Decisions stall because people are waiting for approval they technically don’t need
Good people do work that is correct, but not quite what you had in mind
Meetings end with agreement, then everyone executes something slightly different
You stay busy all day but struggle to point at meaningful progress

Nothing is broken enough to demand attention. Which is exactly why it goes on.

What this looks like quarterly

Zoom out to a quarter and the patterns become harder to ignore.

Quarterly goals are missed or only partially achieved, despite plenty of activity
Different teams interpret priorities in different ways
Projects drag on because no one was clear what “done” actually meant
Performance conversations feel vague and uncomfortable
You find yourself back in the detail to keep things moving

Usually, this is not a people problem.

What this looks like annually

Left alone for a year, clarity problems quietly tax the business.

Growth slows or becomes unpredictable
Capable people leave, often saying they want “something different”
Culture becomes inconsistent because expectations were never explicit
You finish the year exhausted, but can’t quite explain why
Planning for the next year feels heavier than it should

Why this happens as you grow

This is a leadership failure that arises as a side effect of growth.

In the early days, clarity lives in your head. Everyone is close enough to absorb it through constant conversation and shared context.

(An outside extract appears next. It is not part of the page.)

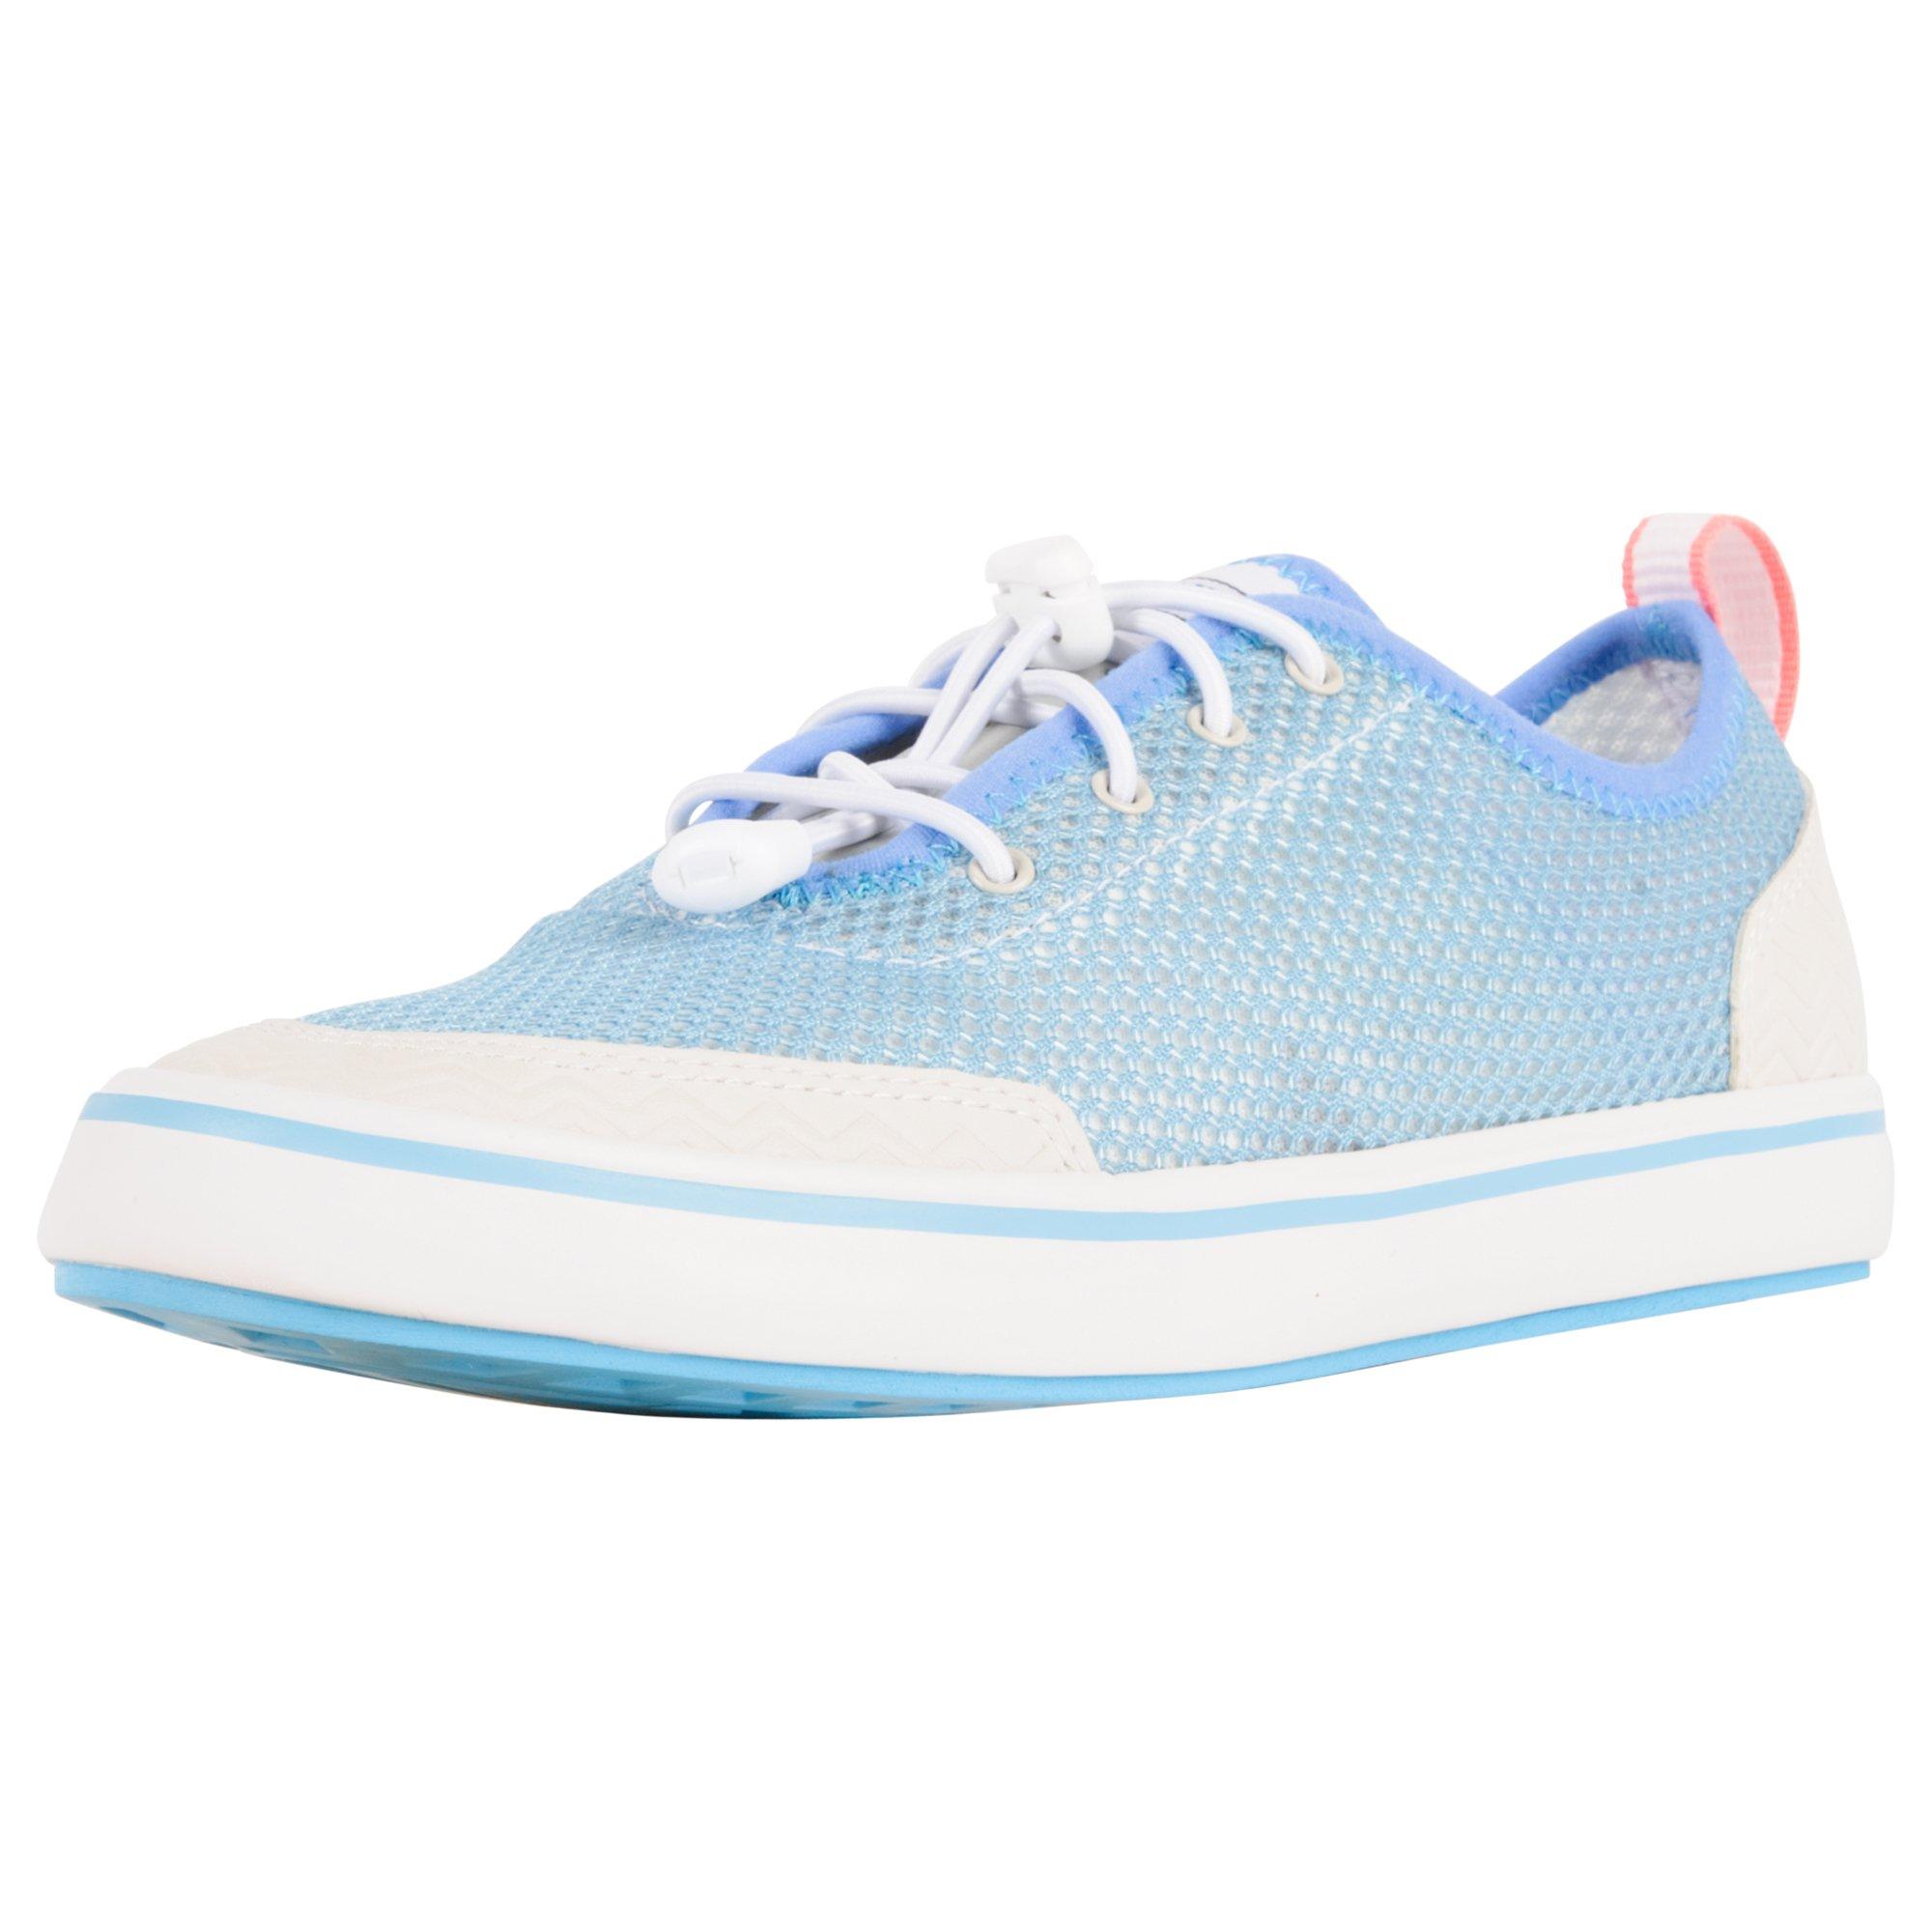 XTRATUF Riptide Women's Airmesh Deck Shoes, Blue & White (22202)

As your business grows, implicit clarity disappears.

How to fix it

Start with the long view. Make the direction of travel clear.
Set quarterly priorities that clearly serve that future.
Break execution down into monthly milestones and weekly plans.
Build accountability from the top down.
Focus on pride in doing good work, not incentives and threats.

The quiet payoff

The result is clarity, and the business feels much easier.